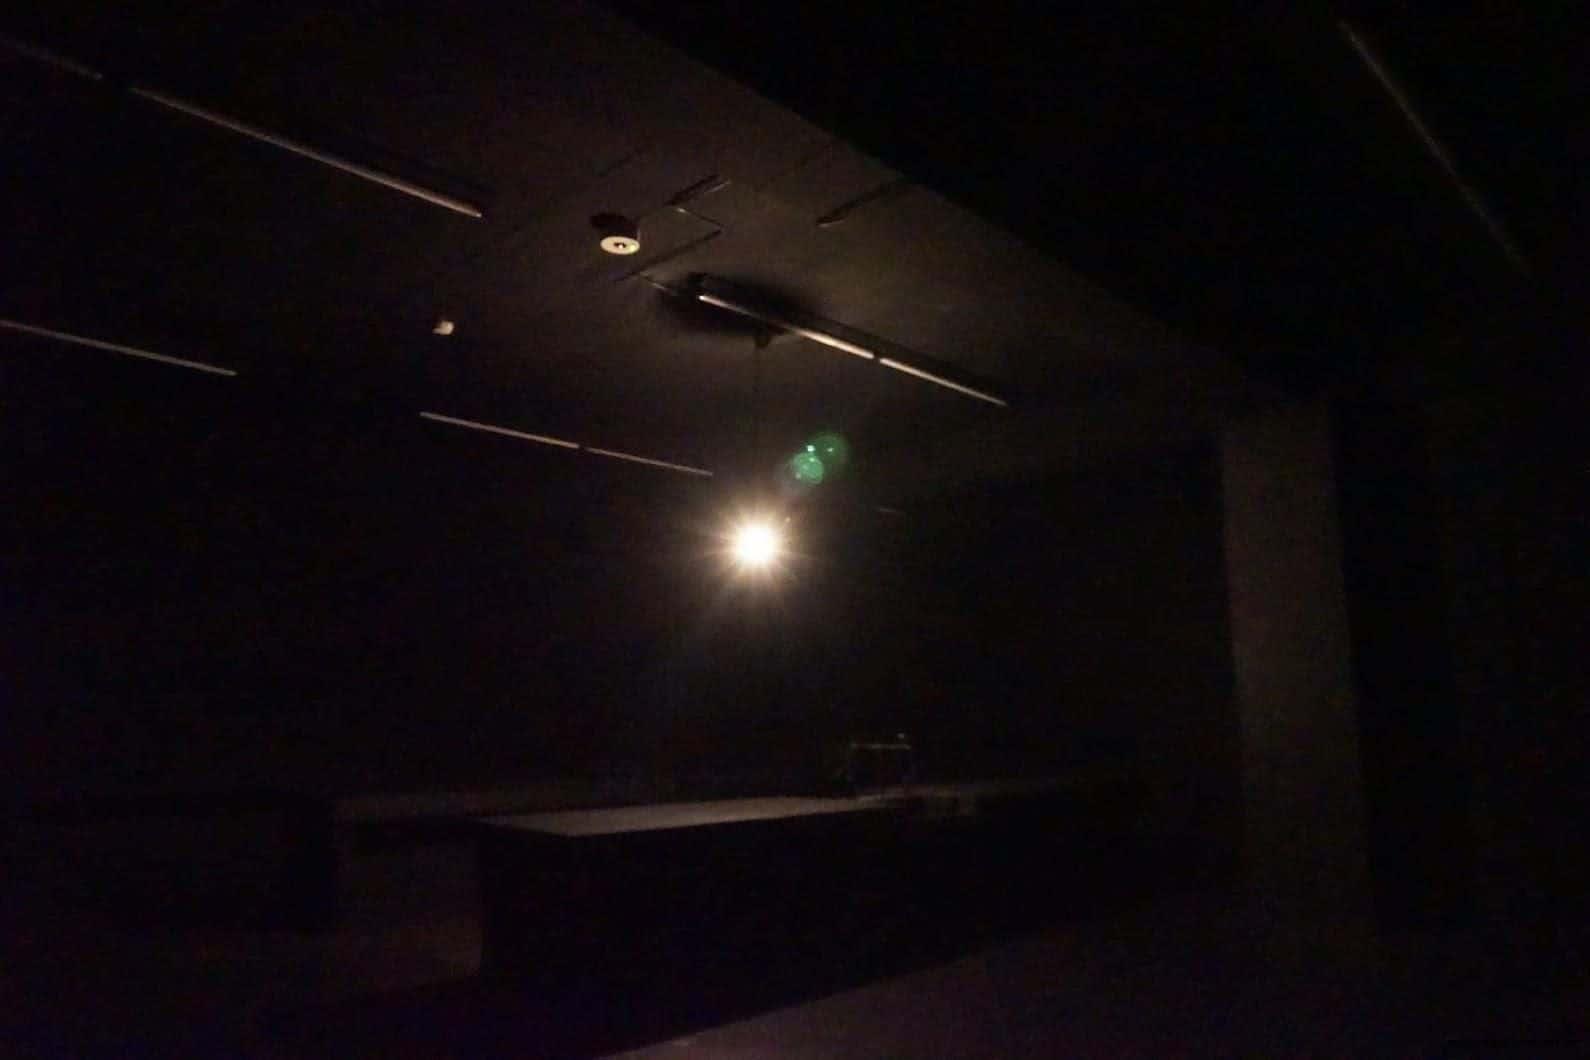 克利斯蒂安‧波爾坦斯基+將‧卡爾曼,最後的教室,一盞垂落的燈、拉子的鐵門,昏暗燈光隨著燈泡擺盪 克利斯蒂安‧波爾坦斯基+將‧卡爾曼,最後的教室,伴隨著「動...動...動...」有頻率的低音敲打,燈泡也跟著明亮或熄滅,無形的壓力圍繞在身旁,忍不住想要快點離開這個鬼地方 最後的教室 最後的教室 the last class 05 0x0
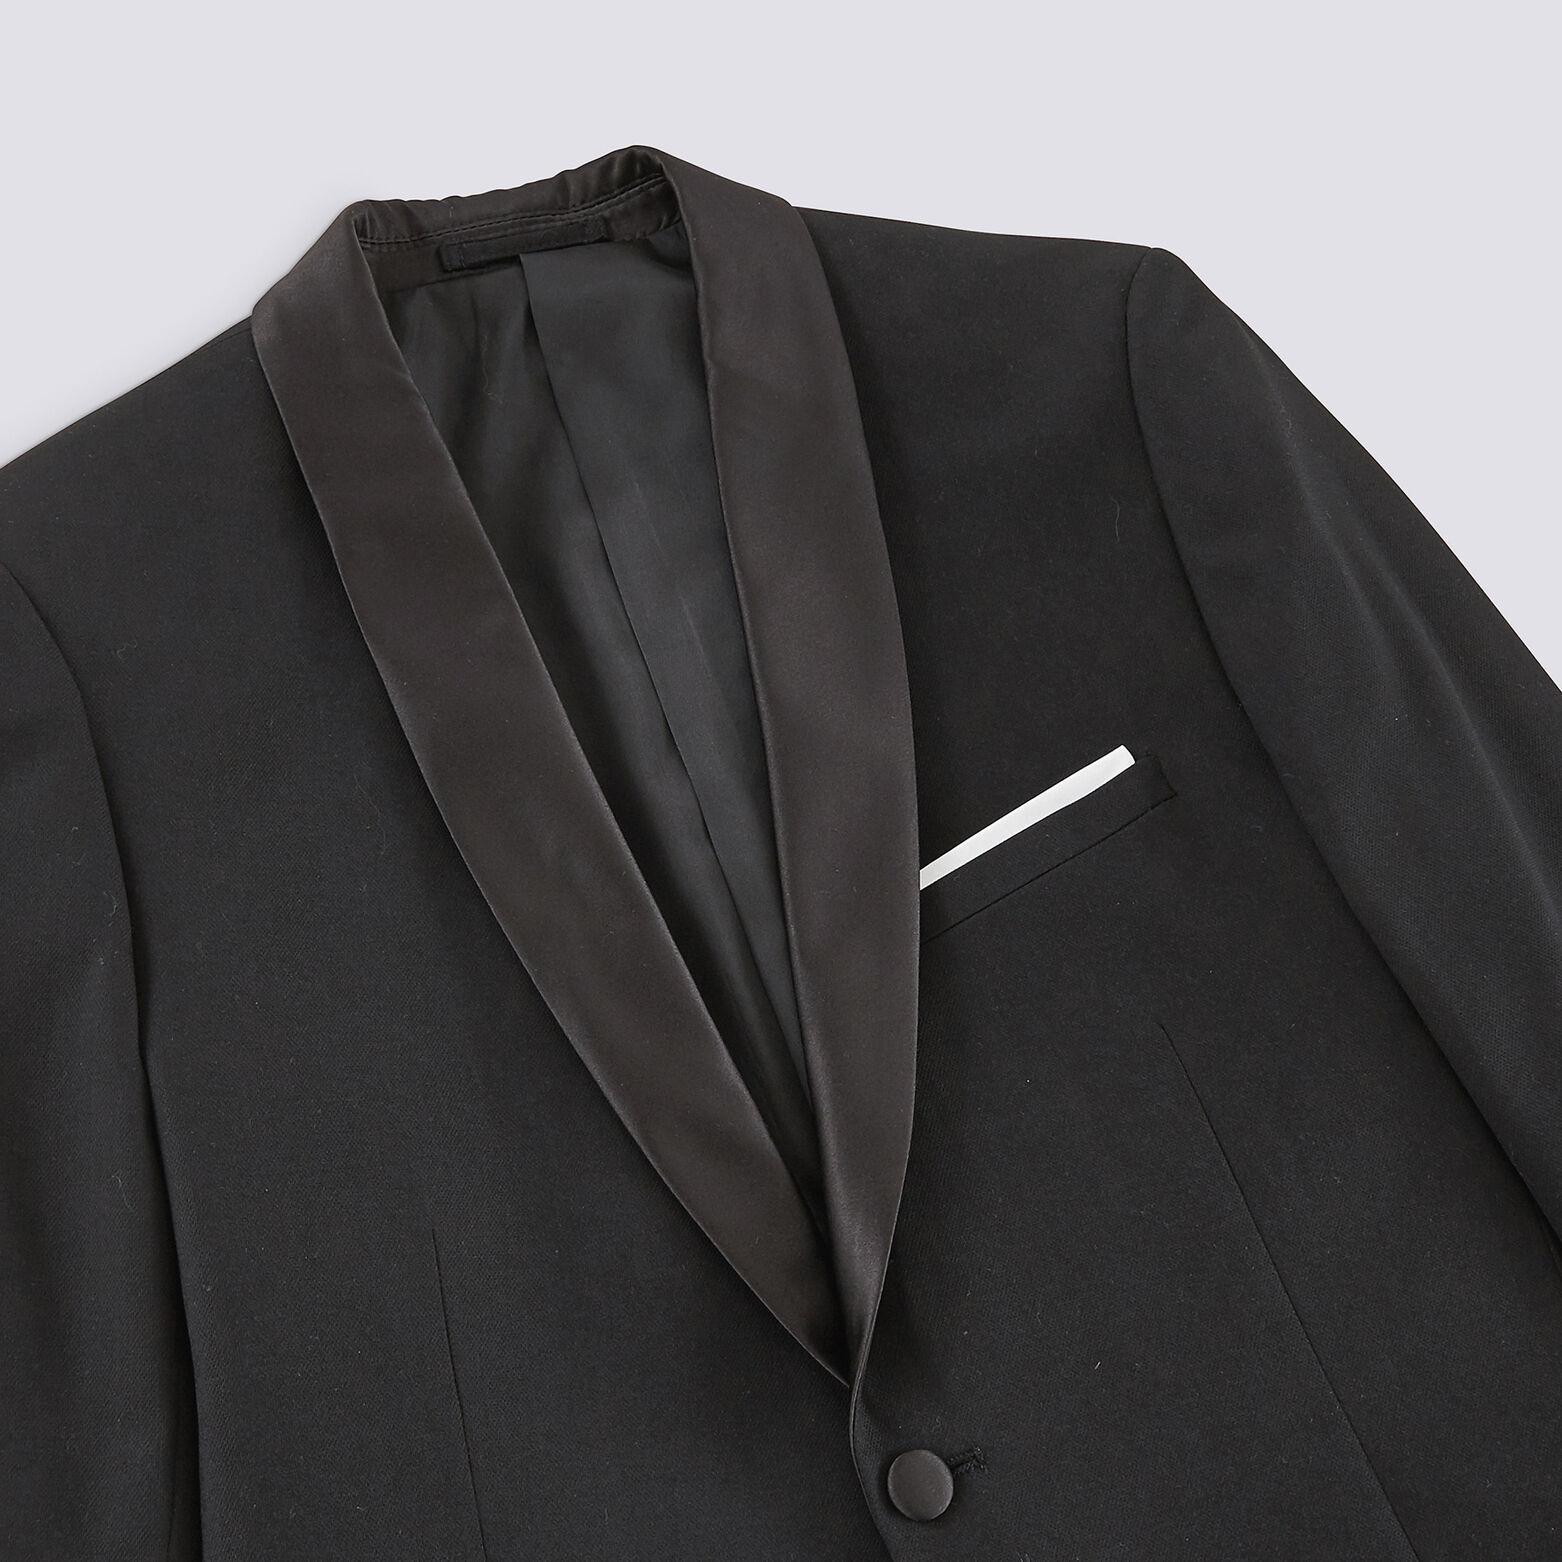 veste seule smocking slim match pant costume 1er p
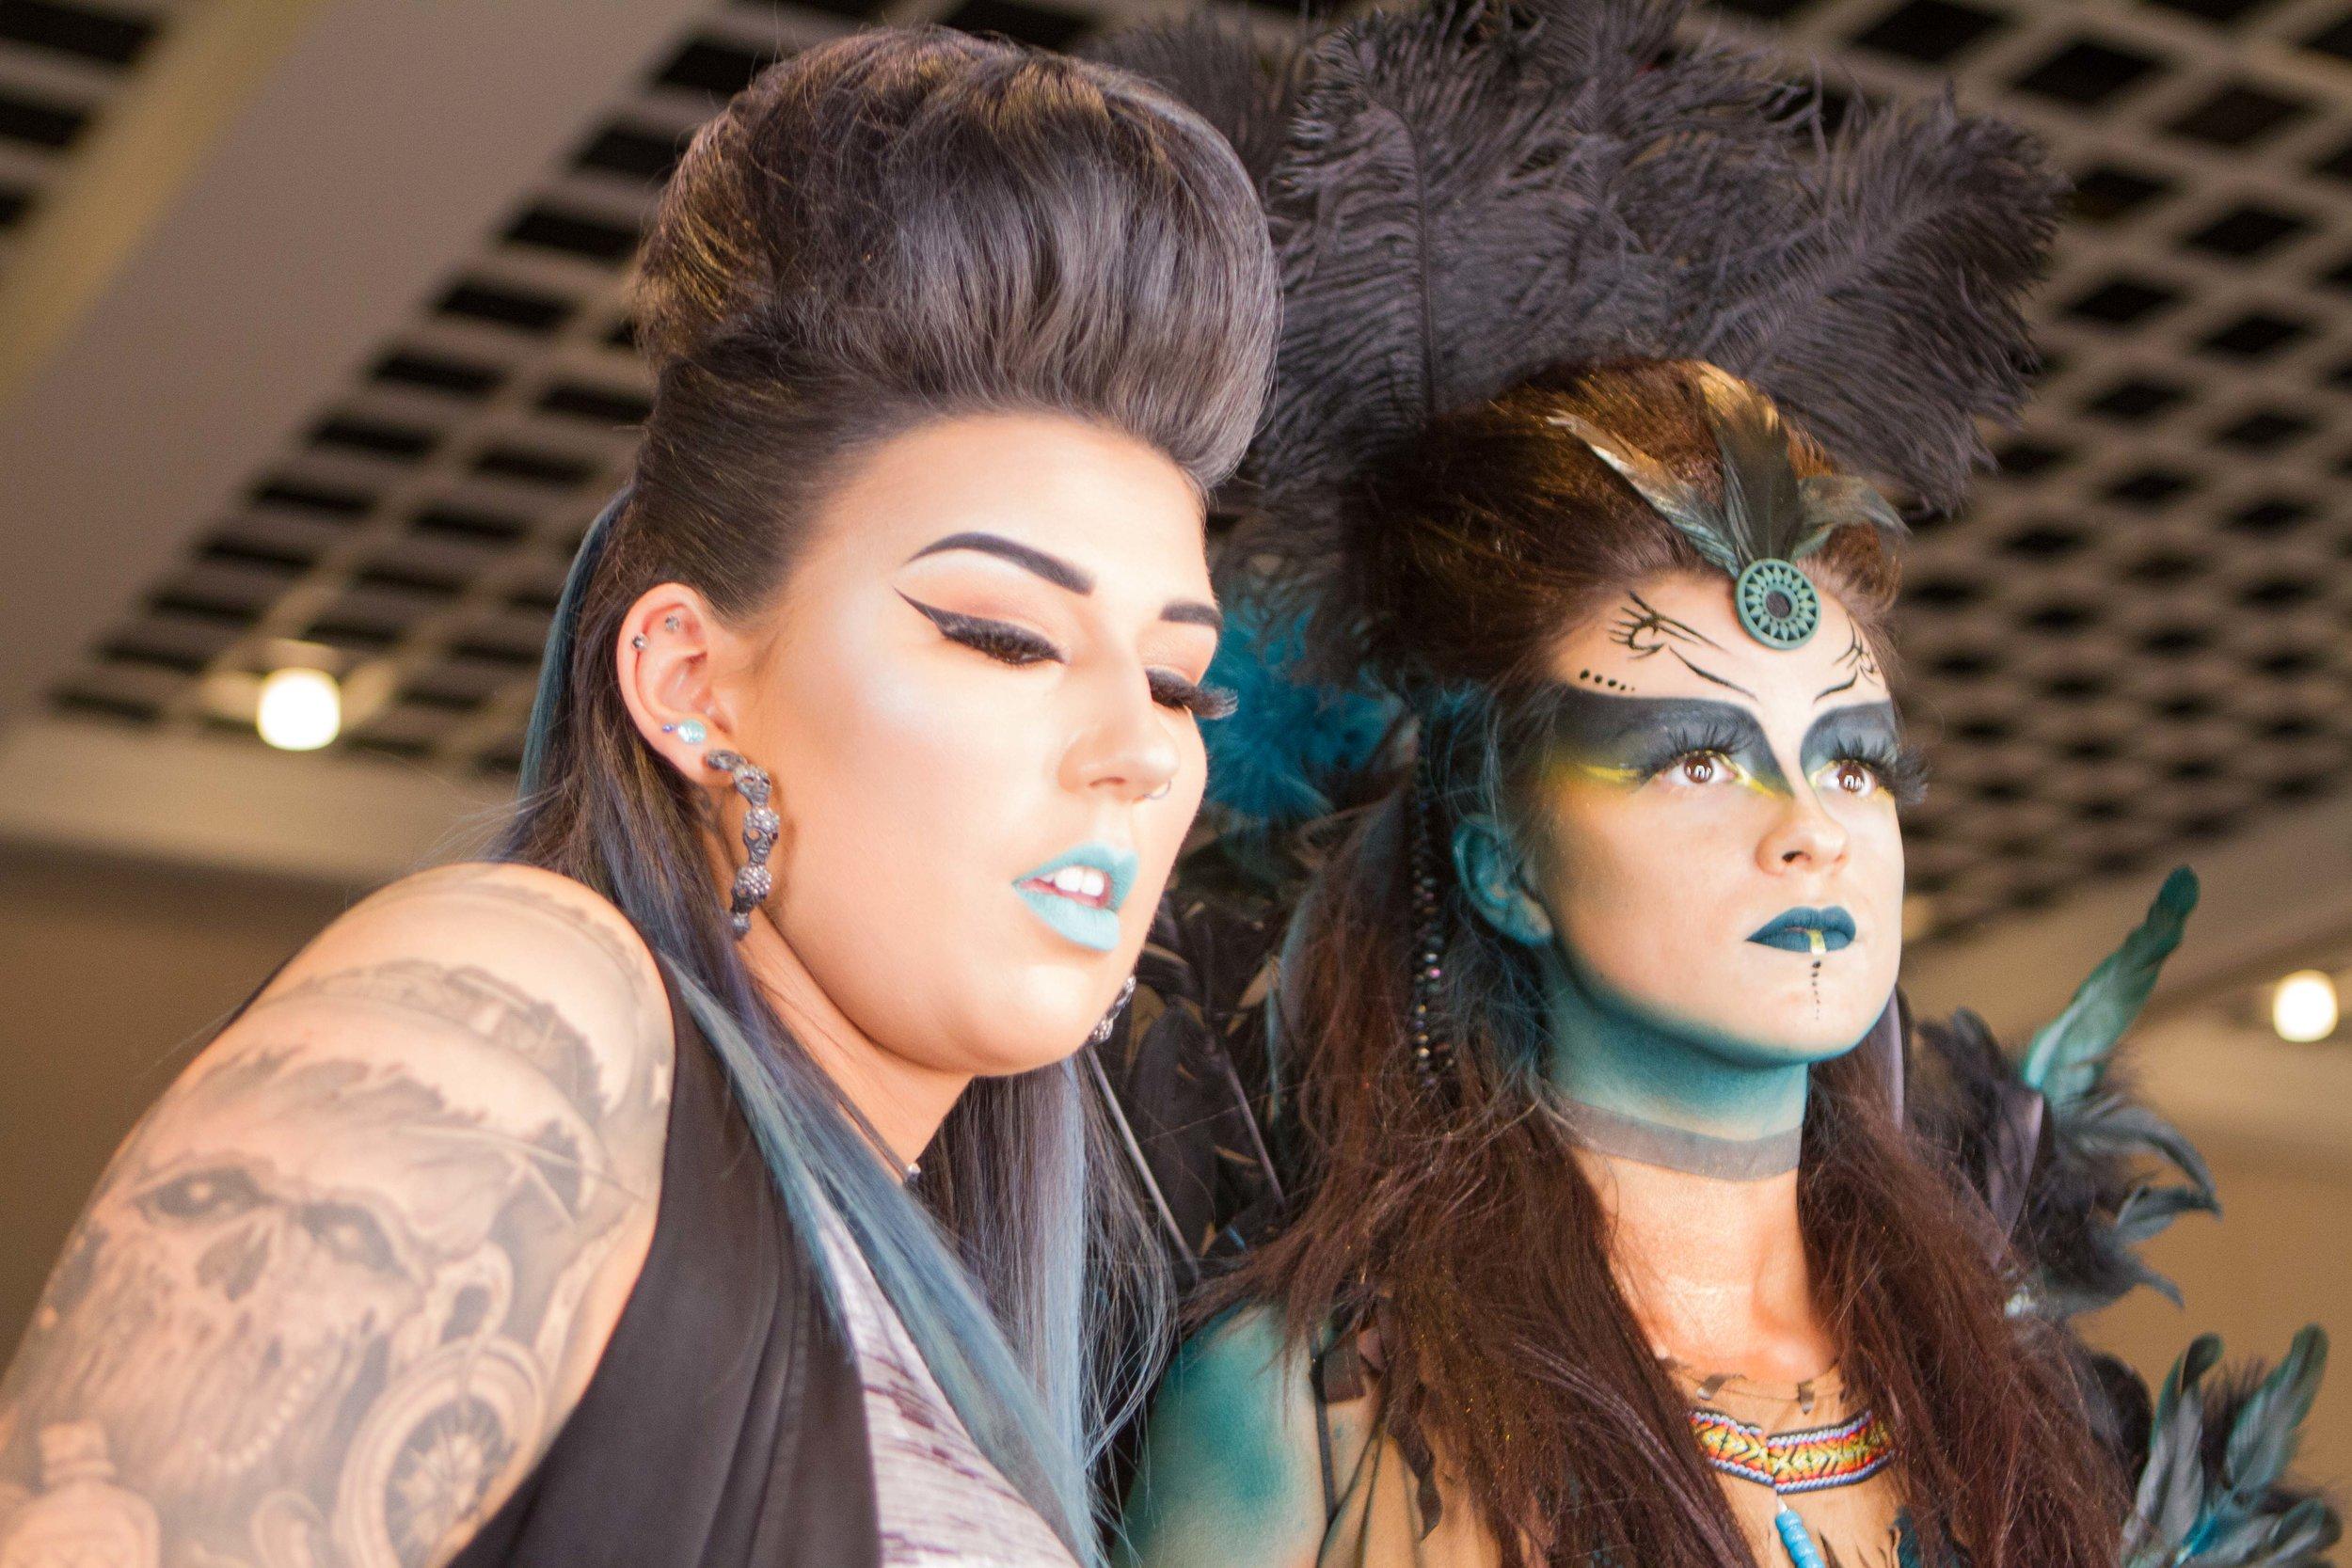 IMATS 2017 - Battle of the Brushes Special Effects Makeup (www.KyleReaArt.com - www.KyleReaPhotography.com) 25.jpg

→ Exercise instructions
All of the material is to be reproduced verbatim, pictures excluded.

→ Task response
 克利斯蒂安‧波爾坦斯基+將‧卡爾曼,最後的教室,一盞垂落的燈、拉子的鐵門,昏暗燈光隨著燈泡擺盪 克利斯蒂安‧波爾坦斯基+將‧卡爾曼,最後的教室,伴隨著「動...動...動...」有頻率的低音敲打,燈泡也跟著明亮或熄滅,無形的壓力圍繞在身旁,忍不住想要快點離開這個鬼地方 最後的教室 最後的教室 the last class 05 0x0
 veste seule smocking slim match pant costume 1er p
 IMATS 2017 - Battle of the Brushes Special Effects Makeup (www.KyleReaArt.com - www.KyleReaPhotography.com) 25.jpg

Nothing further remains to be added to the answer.